China American fantasies Near trade war shows limits of our influence.

June 23, 1996|By Ian Johnson

WASHINGTON — BEIJING -- Just like last year, the United States and China went to the brink of a trade war and then stepped back, with both sides claiming victory.

The result this past Monday was another agreement to protect intellectual property rights -- the pirated music, software and movies that one can easily buy in Chinese cities and, thanks to exports from China, throughout Asia.

"This is the fourth IPR agreement since 1989, most of which have been honored in the breach," said James Feinerman, a law professor and China specialist at Georgetown University. "It's deja vu all over again, again."

Cynicism may be the natural response to this year's trade spat, but it highlights one of the most difficult foreign policy problems facing the United States: how to deal with a country that it sees only as a reflection of its dreams and hopes, rather than the more complicated -- and less malleable -- place it really is.

According to Acting U.S. Trade Representative Charlene Barshefsky, Washington's policy now is to jawbone China into submission. Just as U.S. officials needed more than 40 trips over the past 15 months to secure this past week's accord, so too will other problems be tackled.

In a way, this makes the current U.S. policy toward China a slow-motion version of the 19th century missionary movement. Back then, missionaries tried zealously to Christianize the world's largest heathen nation. Nowadays, Christianity has been replaced by democracy and market economics, the absolute truths that Americans believe they must promote or face damnation.

Especially since the Tiananmen Square massacre of demonstrators in 1989, U.S. policy has been based on the assumption that it is America's burden to liberate the Chinese from their government -- that like a prisoner trying to qualify for parole, China must show some sort of quantifiable improvement in its behavior each year in order to meet America's approval.

Not that China is an entirely blameless victim of another country's delusions.

U.S. demands that it close pirate factories are largely reasonable and in China's long-term economic benefit. If foreign software and ideas are always ripped off, how will China ever develop its own advanced technologies?

Insecure Chinese leaders, however, see trade disputes as a litmus test of toughness. No one dares buckle to the Americans or give a straight answer -- thus the annual agreements which may not necessarily be followed or which the central government is too weak to genuinely enforce.

Because of this, China is in the unenviable position of looking like either an international scofflaw -- ignoring agreements it makes with other countries -- or a country too disjointed to enforce its own laws.

As U.S. Assistant Secretary of State Winston Lord put it in April, the current government in Beijing "is the most difficult regime I've seen in 25 years."

That said, however, U.S. policy toward China is still driven by overblown assumptions of America's ability to influence the world's most populous nation. Its policy on intellectual property rights illustrates this confusion.

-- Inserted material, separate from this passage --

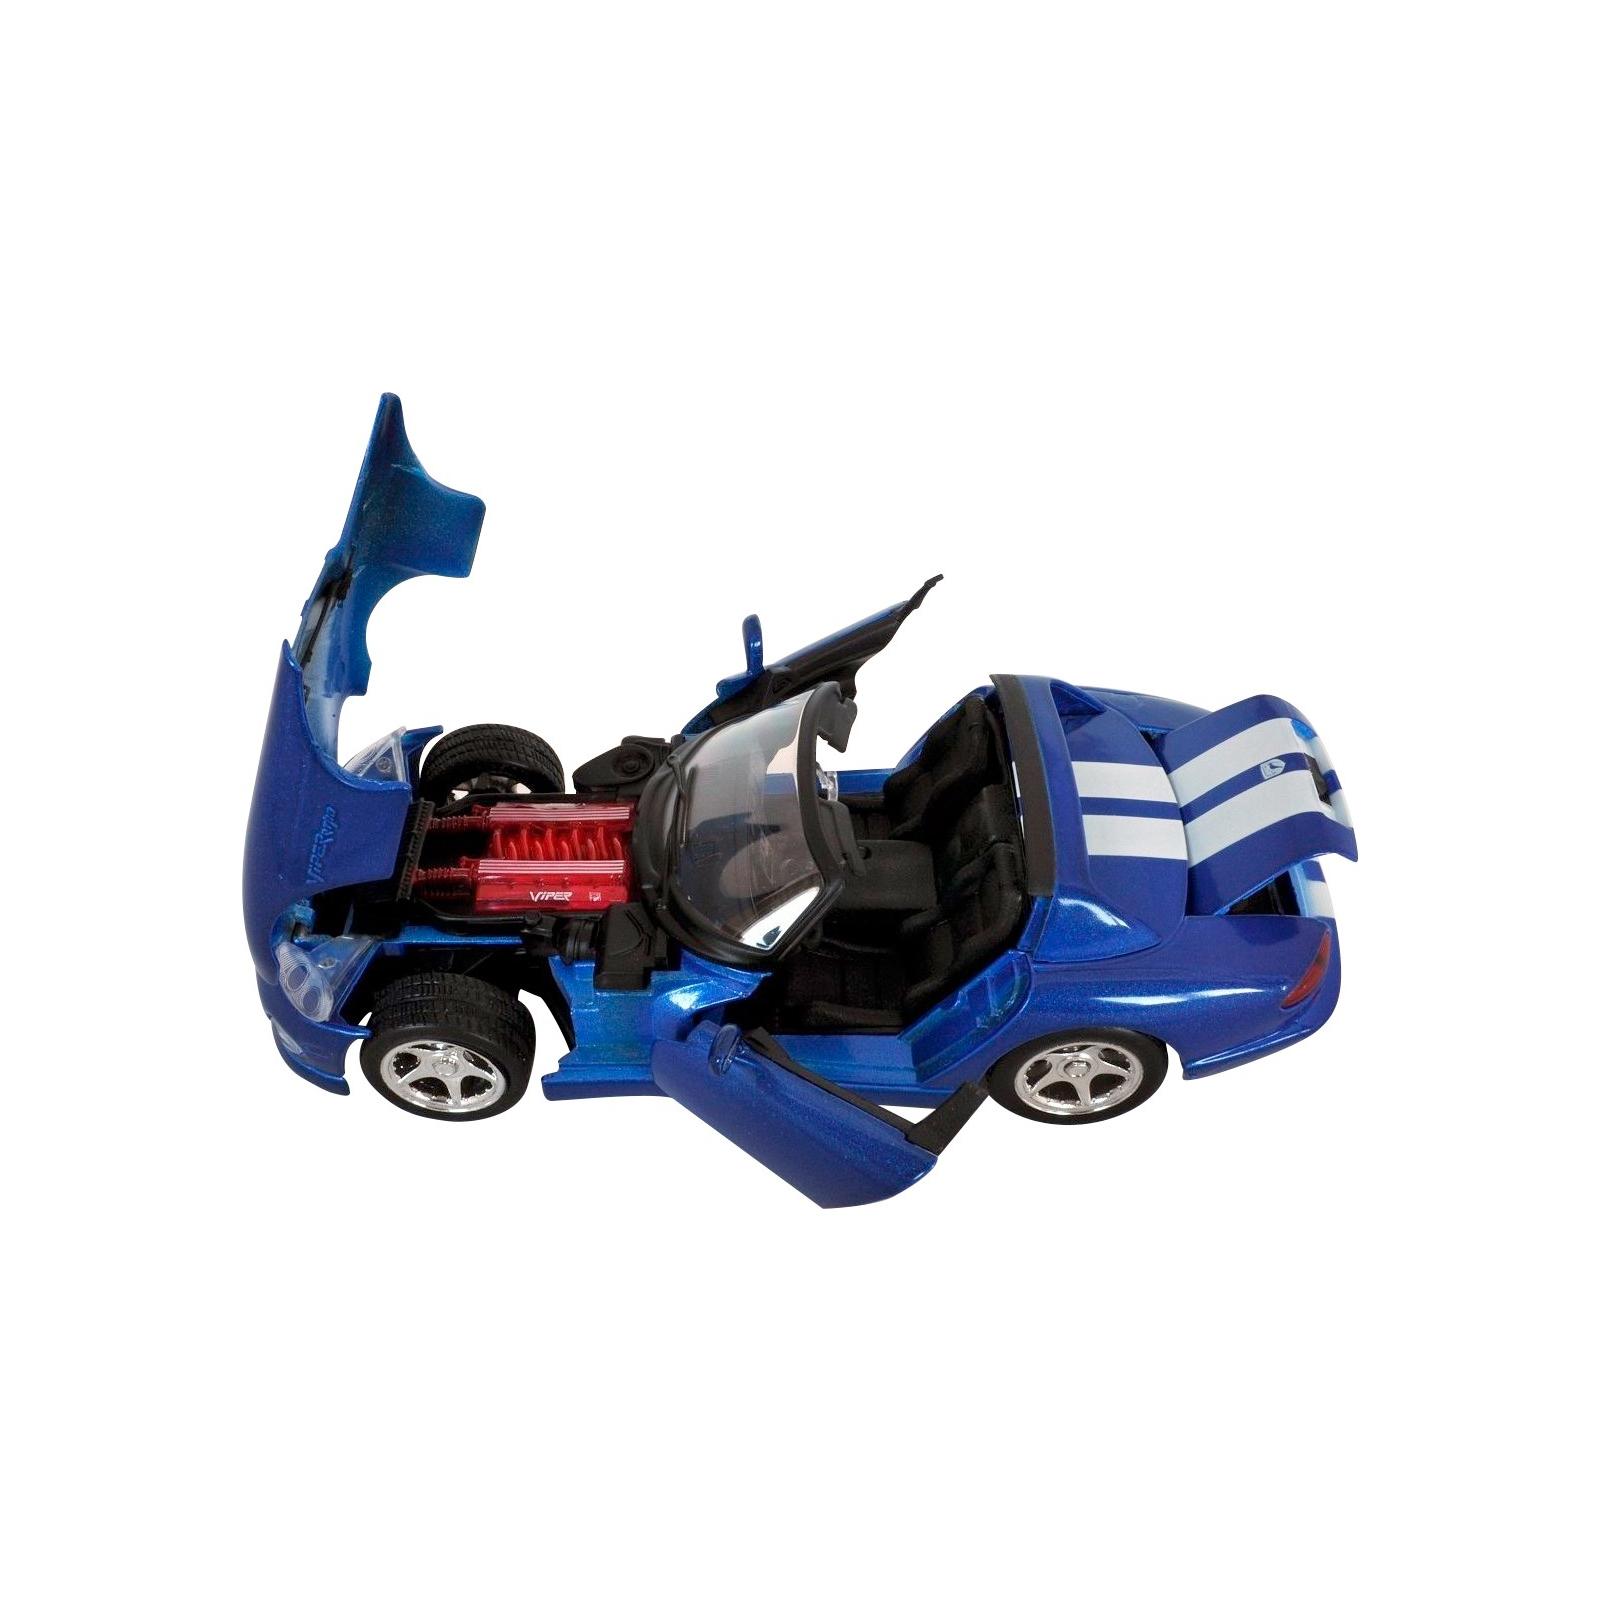 Машина Maisto Dodge Viper RT/10 '97 (1:24) синий (31932 blue) изображение 3

Since last year's IPR accord was reached, China's enforcement of it has been haphazard. While it is more difficult to find pirated products in Chinese stores or on street corners, factories have been producing bootleg compact disks and CD-ROMs at nearly full tilt. Most of the production goes overseas, offering wealthy Asian consumers the chance to buy cut-priced products when they might otherwise buy full-priced products.

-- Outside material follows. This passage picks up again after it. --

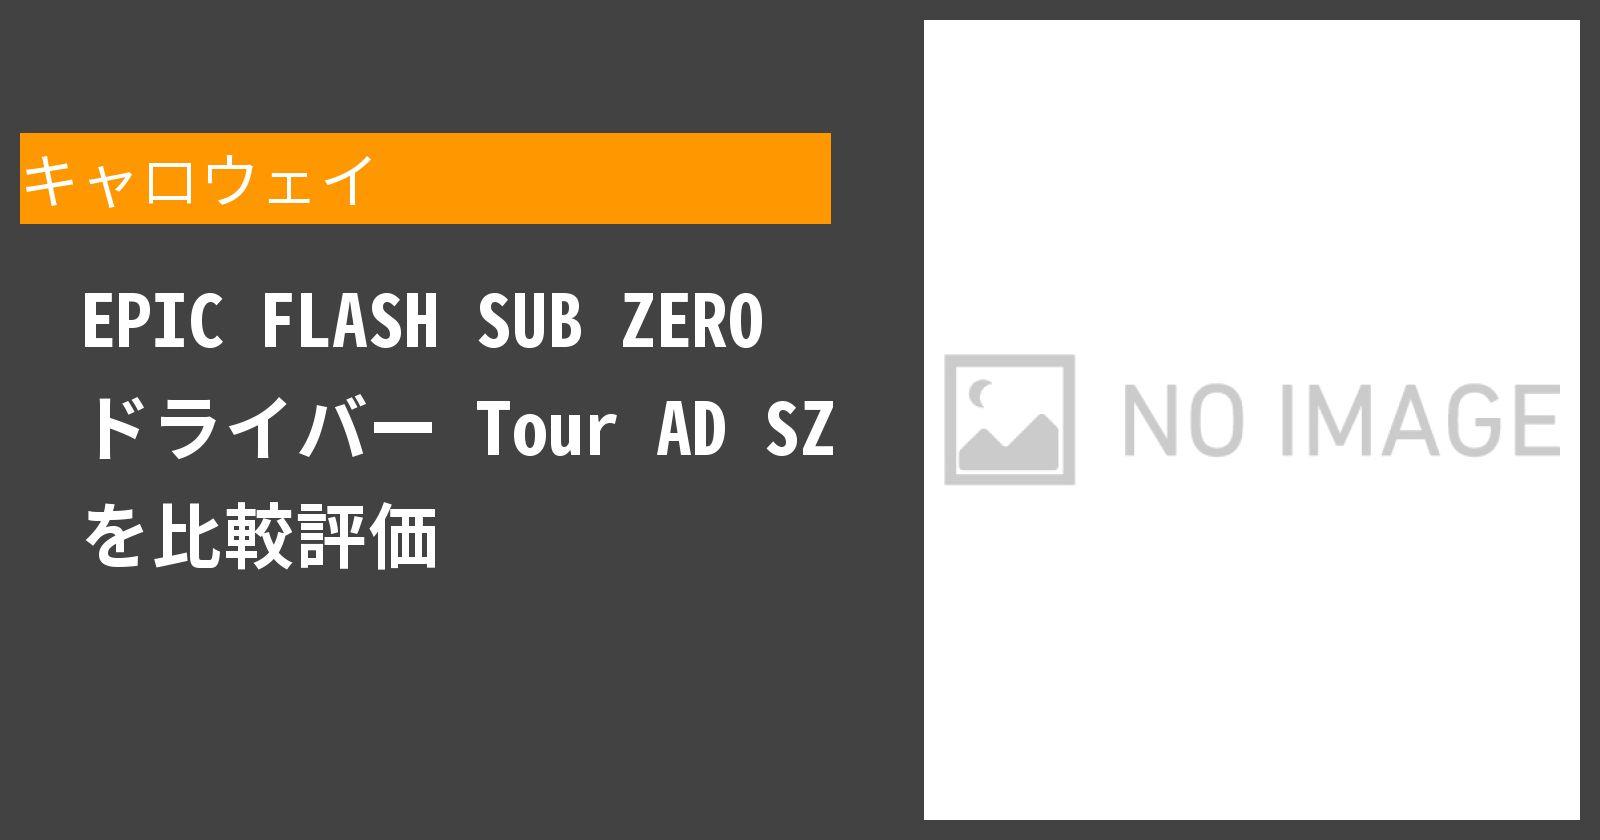 EPIC FLASH SUB ZERO ドライバー Tour AD SZを徹底評価

When Monday's deal was announced, U.S. officials said factories were being closed and Chinese inspectors would monitor the remaining factories to make sure they produced only licensed products.

While a useful start, this is only a small change over the current arrangement. As in the past, U.S. officials will have to take Chinese officials' word that they have closed the factories and that the inspectors are not being bribed. Truly independent verification will not exist.

This is not surprising -- what country willingly allows another country's officials to poke around its companies? But it does guarantee that piracy will continue and that further negotiations and trade war brinkmanship are likely.

Ultimately, what will change China's attitude toward pirating is what changed many other countries' attitudes: China will very slowly develop its own intellectual property that its own people will have a vested interest in protecting.

It's worth noting, for example, that not too long ago, Hong Kong was the legendary pirating capital, where fake Rolex watches, Levi jeans and popular books could be bought. While factories making these products have been closed down in recent years, it has only been late in Hong Kong's economic development.